By Tom Morrison posted 04-16-2015 09:06 AM

  

The following is a report provided by Daniel Meckstroth, PhD from MA:

 

I hosted a webinar last week on how manufacturers handled the first year of conflict minerals reporting, including their leadership decisions. Areas of focus for Year 2 reporting, legal challenges to the regulation, and the structure of the Conflict Minerals Report were discussed. Join me October 7 in Chicago for a one-day dive into manufacturers’ most pressing concerns at MAPI’s third Conflict Minerals Forum.

Our two presenters were Christine Robinson and Mark Mellen, both CPAs, with Deloitte’s Conflict Minerals Advisory Services team. During the presentation, they provided examples of what they consider leading Conflict Minerals Reports.

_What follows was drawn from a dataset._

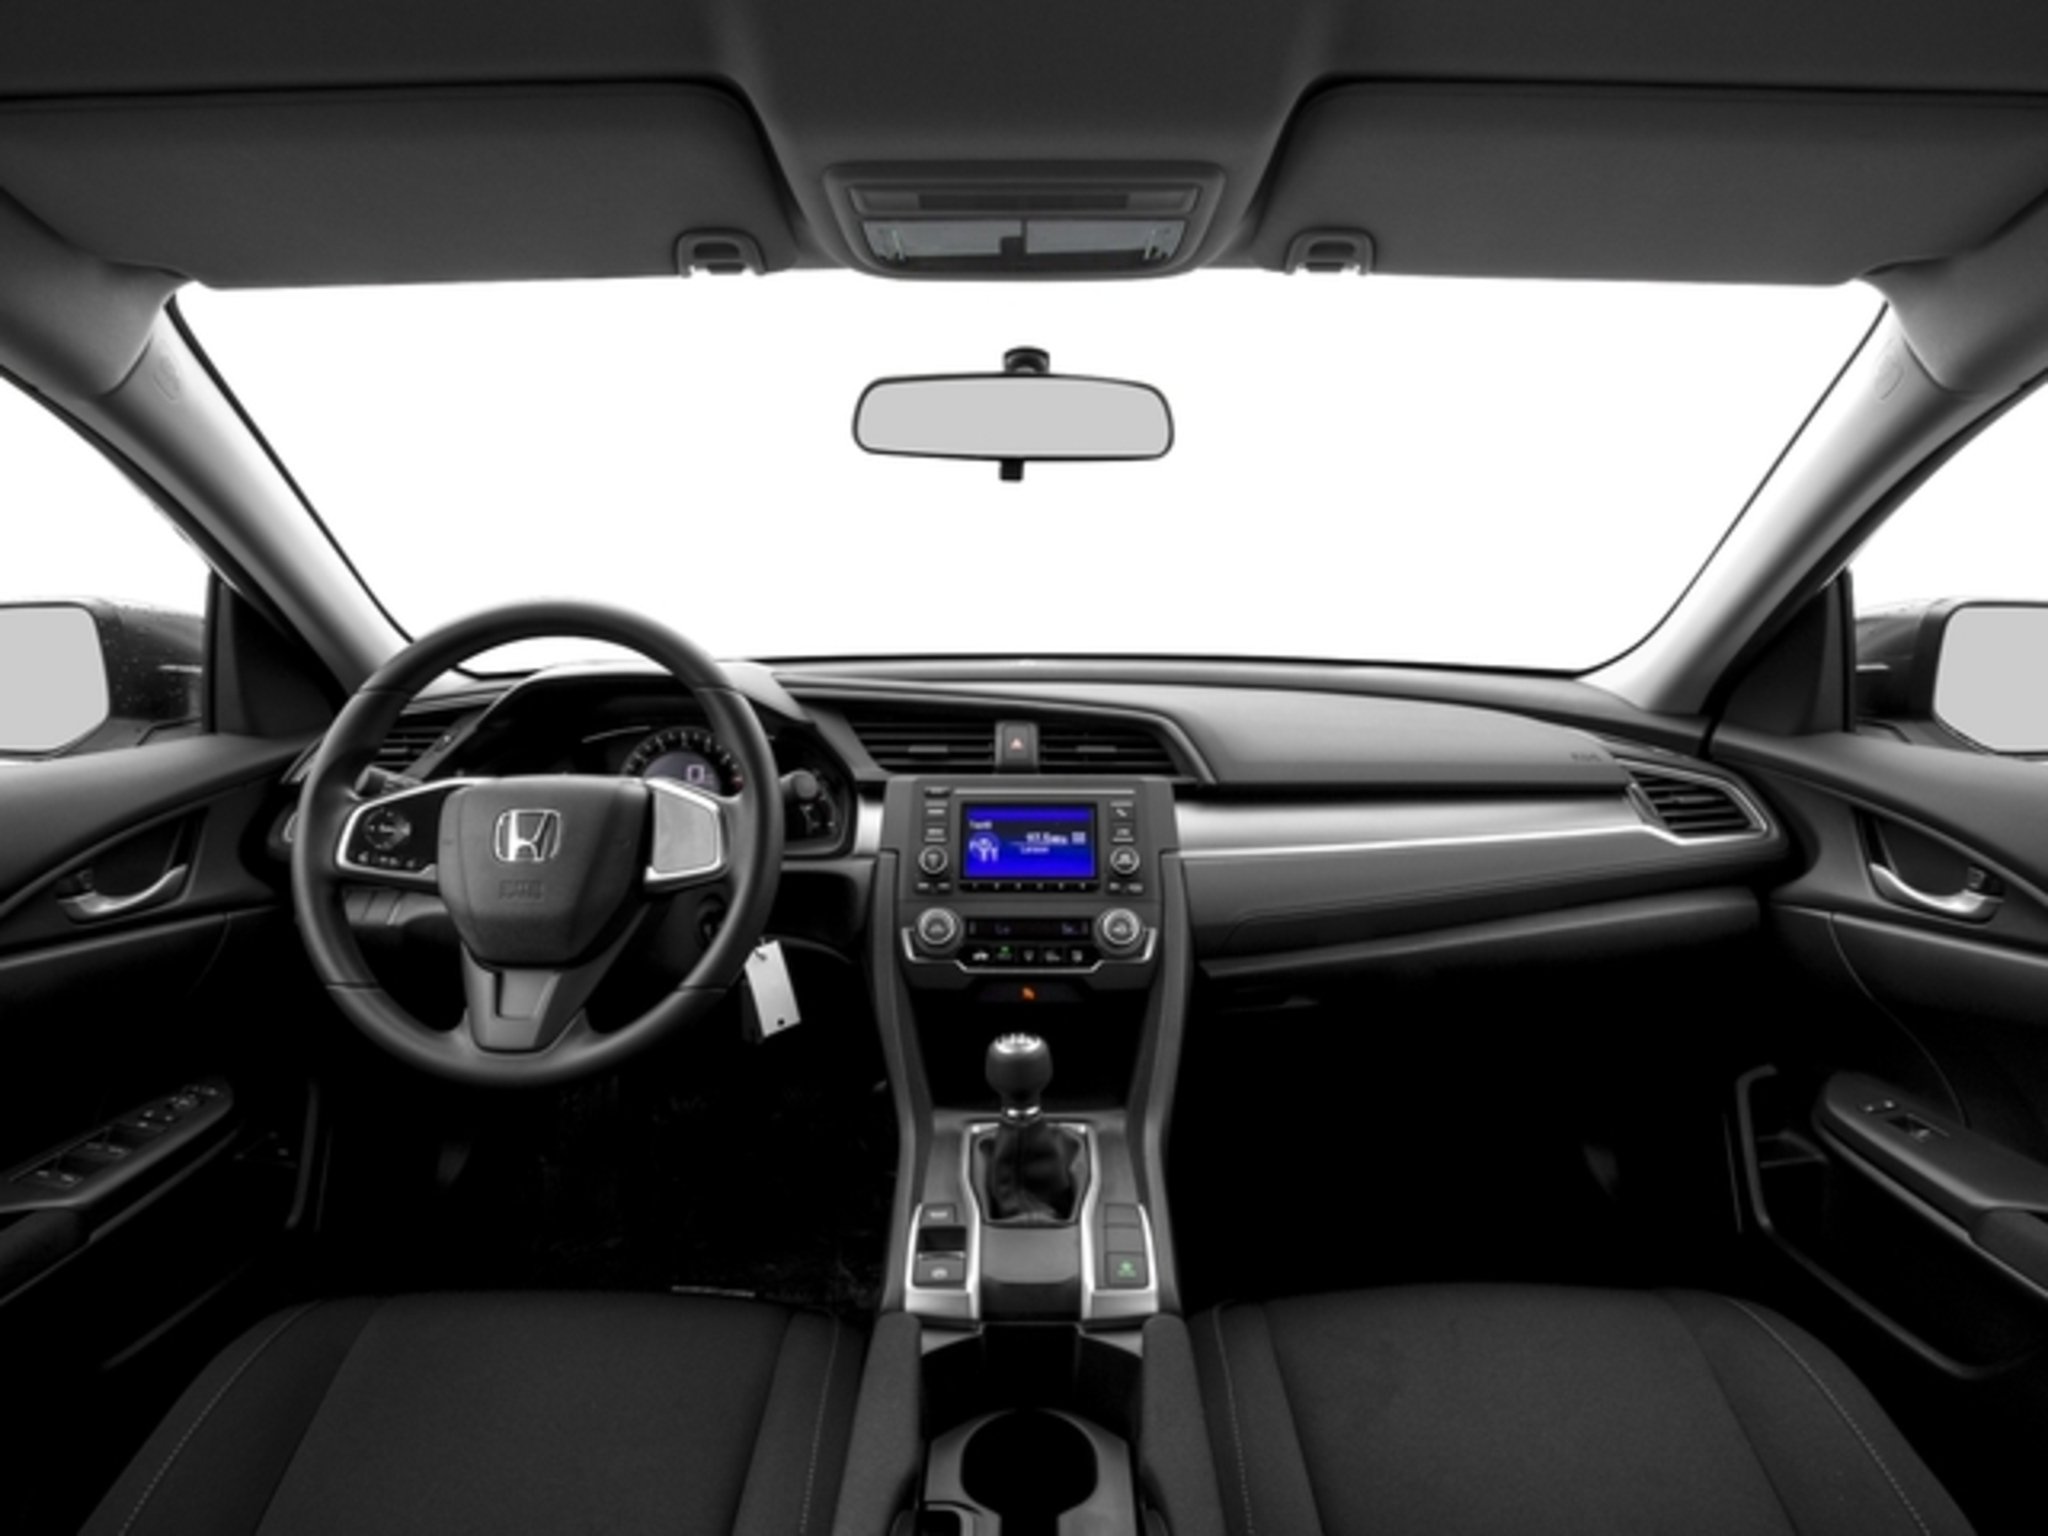 Hyundai Elantra 2013 Tire Size >> 2017 Honda Civic Sedan - Compare Prices, Trims, Options ...

Last summer, Christine co-authored a paper on Year 1 reporting trends. Mark started by reviewing key statistics from the report, such as, what types of companies filed and whether they distinguished between reasonable country of origin inquiries and due diligence measures:

  • Mark noted that about 25% of registrants disclosed a smelter or refiner list; he predicted this figure will rise for Year 2 reporting
  • Many registrants used defined headings to distinguish the design assertion from the description of the due diligence measures actually performed
  • Some provided information on how many suppliers they surveyed and response rates
  • While risk mitigation / future due diligence measures aren’t required until Year 2, 55% of registrants provided these disclosures

Christine discussed requirements for Year 2 disclosures, starting with Form SD:

  • Because of a partial court stay of the regulation, companies are no longer required to label products as conflict-free, not been found to be conflict-free, or undeterminable
  • If a company chooses to describe its products as conflict-free, it has to undergo an independent private sector audit (IPSA)
  • When providing a product description, Deloitte considers it a leading practice to describe the products consistently

Christine also discussed content considerations for Year 2, such as the suggestion to be more precise when describing the RCOI.  A half-hour was dedicated to answering attendees’ questions, including:

  • What penalties might the SEC impose for inadequate due diligence?
  • Has the SEC issued any recent comments on conflict minerals?
  • Are you seeing a trend in low participation for supplier response rates?
  • Do you have any benchmarks on supplier response rates or how often companies should follow up?
  • Which companies will require an IPSA in Year 3?
  • What requirements exist, if any, for surveying distributors?
  • Is it a problem to have a smelter list for 2014, but not 2015?
  • Is a smelter list required for all levels in the supply chain? Would a country of origin list be acceptable?

 

Update provided in affiliation with the Manufacturers Alliance for Productivity and Innovation.